About 42 million households have a TV connected to the Internet, and Experian said that 7.6 million households in the United States have cut the cord, using Web streaming and downloading exclusively instead of cable, satellite or broadcast for their television viewing.

“Roku anticipates that the pace of streaming entertainment available for the TV will continue to rapidly increase in the coming years to the point where all TV will be streamed,” the company said in its blog.

Meanwhile, original series created just for streaming paved the way for a new model of production and distribution with full series releases, and created Emmy award-winning programs along the way, like Netflix’ House of Cards. Also, favorite TV shows from the past including Veronica Mars, Arrested Development and 24 now get a second life in the new TV economy.
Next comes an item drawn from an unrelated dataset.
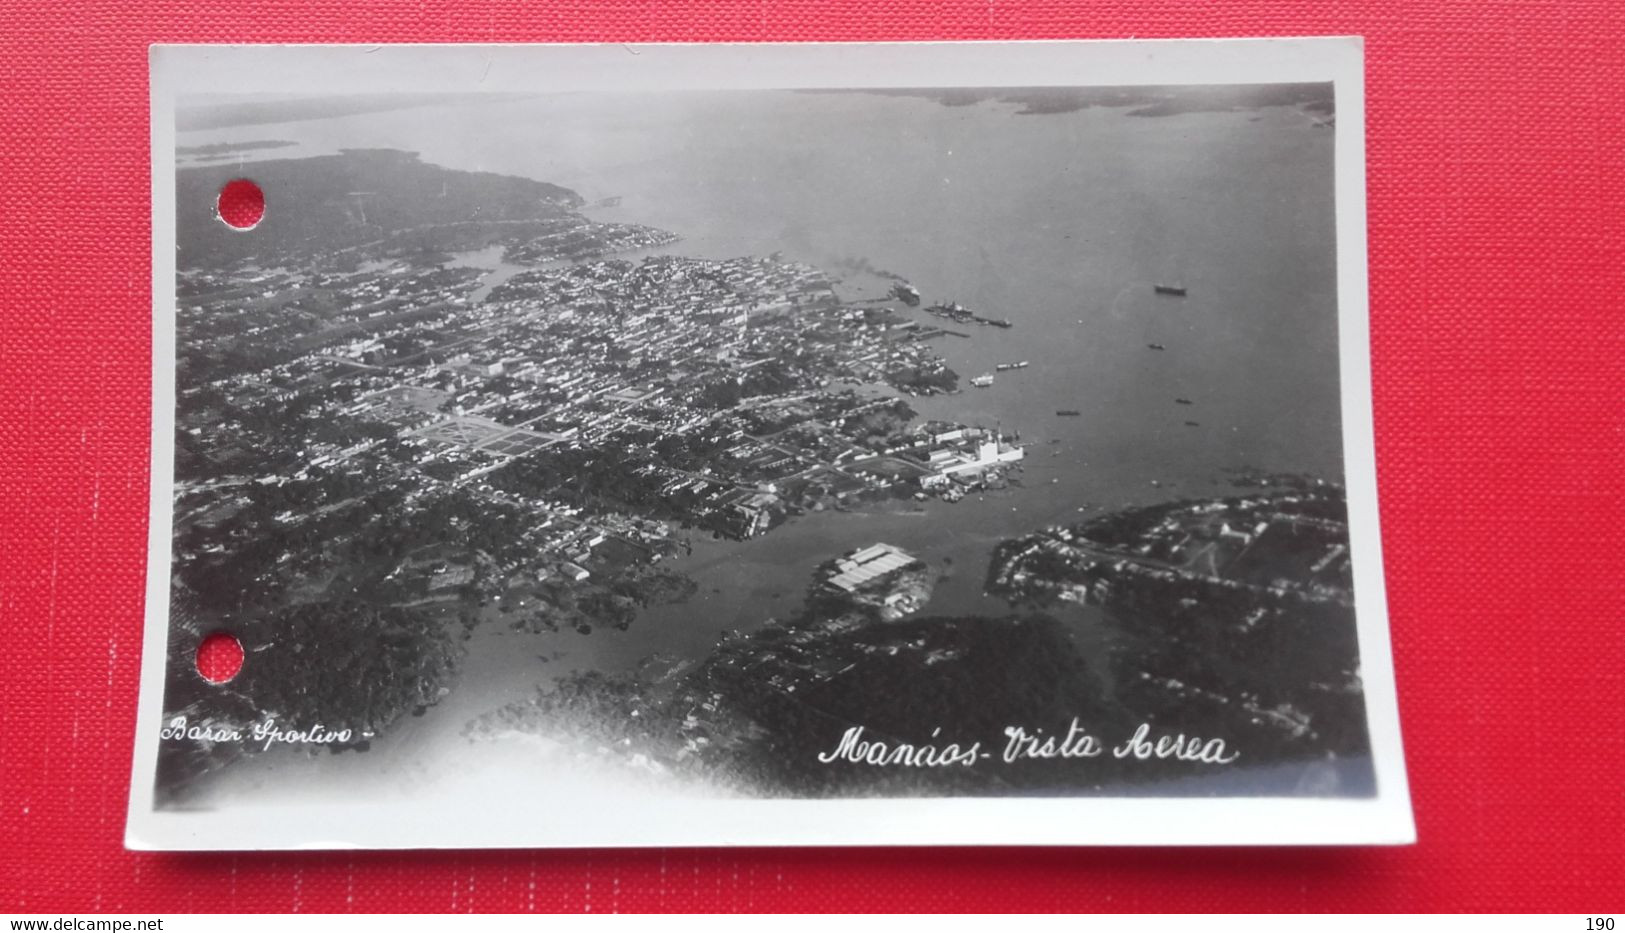 Manaus-Manaos.Vista Aerea.2 Postcards - Manaus

Roku also noted that streamed content has allowed the Internet model of “long-tail” content to flourish in living rooms. “Streaming has enabled new channels – TED, The Autism Channel, Kaplan Prep, DogTV Anywhere and others – that would have never otherwise had a path to the TV,” it said. “While movies and TV shows are widely popular categories, consumers also enjoy music, sports, news and weather, fitness and outdoors, science and tech, food, kids and family, travel, foreign language and religion and spirituality options.”